2.          No Lender shall be required to fund any Grid Advance in the event that (a) the representations and warranties set forth in the Credit Agreement are not true in all material respects, or (b) any Default or Event of Default has occurred or is continuing, (c) such request, if funded in its entirety, would result in the aggregate principal amount of Grid Advances then outstanding to exceed the Maximum Amount, or (d) if Lender has not approved the bi-monthly budget proposed by Borrower.

3.          Each Lender’s commitment to fund Grid Advances from time to time shall be in the amounts and proportions set forth on Exhibit I, attached hereto.  Each Lender’s proportion of the committed Maximum Amount shall be evidenced by a promissory note in substantially the form attached hereto as Exhibit II (the “Promissory Note”).

4.          The outstanding principal balance of the Grid Advances shall bear interest at the Fixed Rate specified in the Credit Agreement and shall be subject to the Default Interest Rate upon the occurrence of an Event of Default as defined in the Credit Agreement.

5.          Except as specifically provided in this amendment and as the context of this amendment otherwise may require to give effect to the intent and purposes of this amendment, the Credit Agreement shall remain in full force and effect without any other amendments or modifications.

6.          This amendment may be executed in two or more counterparts, all of which when taken together shall be considered one and the same agreement.

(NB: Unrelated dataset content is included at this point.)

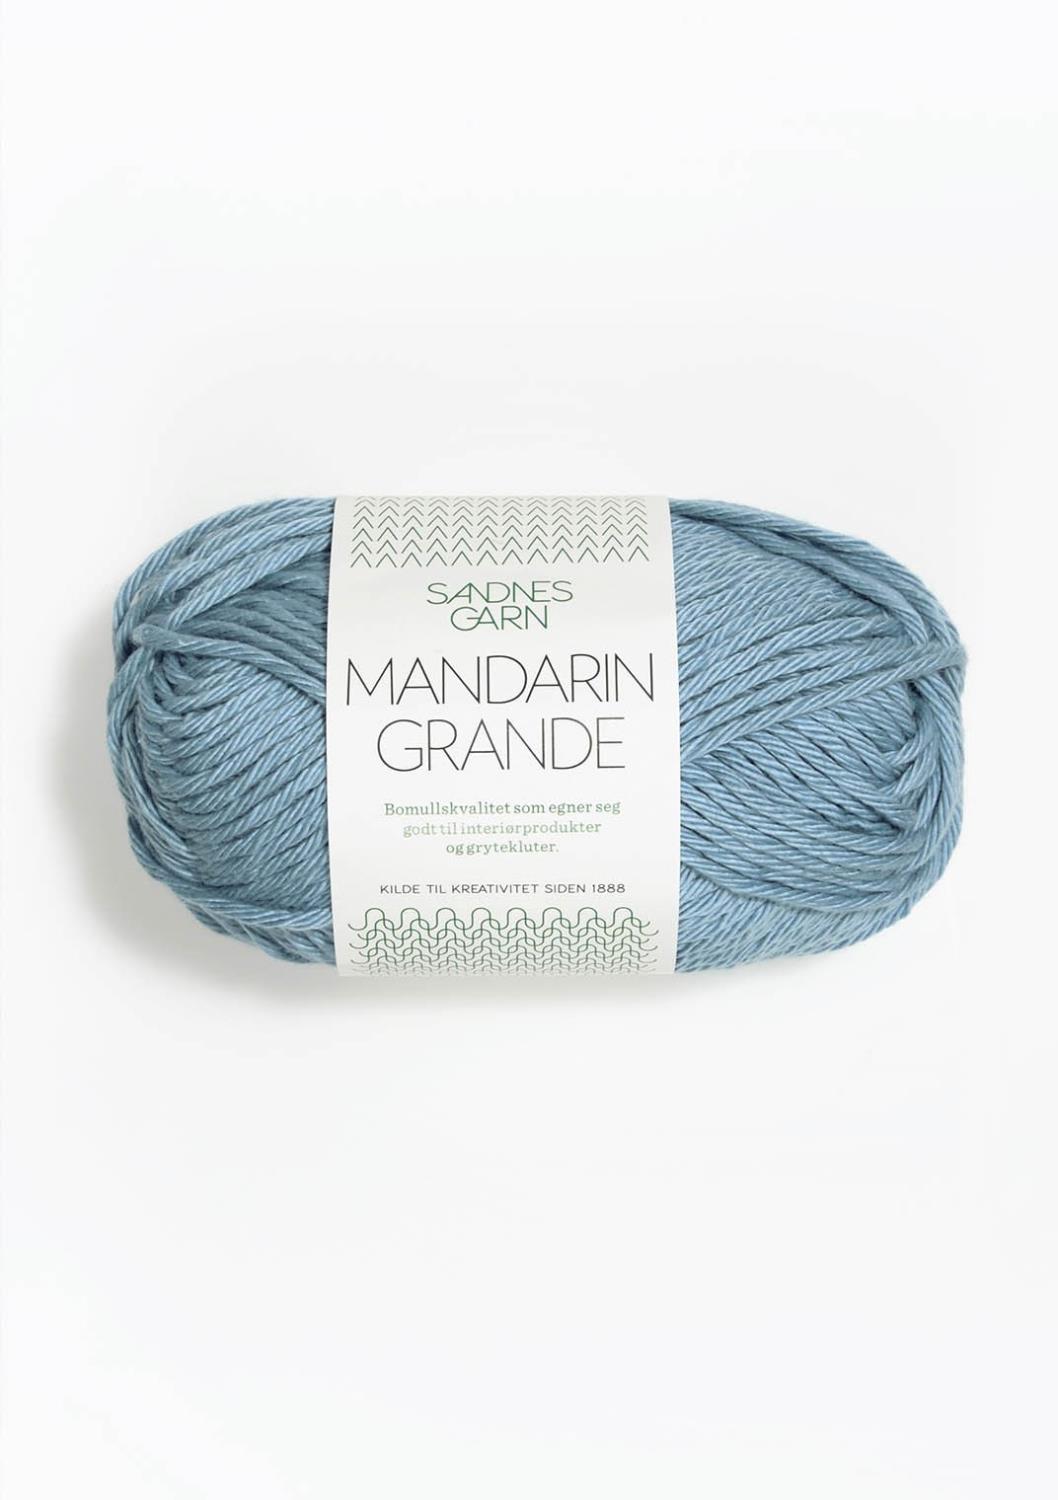 Mandarin Grande Sandnes 6314 - Skumringsblå

In the event that any signature is delivered by facsimile transmission or by e-mail delivery of a “.pdf” format data file, such signature shall create a valid and binding obligation of the party executing (or on whose behalf such signature is executed) with the same force and effect as if such facsimile or “.pdf” signature page were an original thereof.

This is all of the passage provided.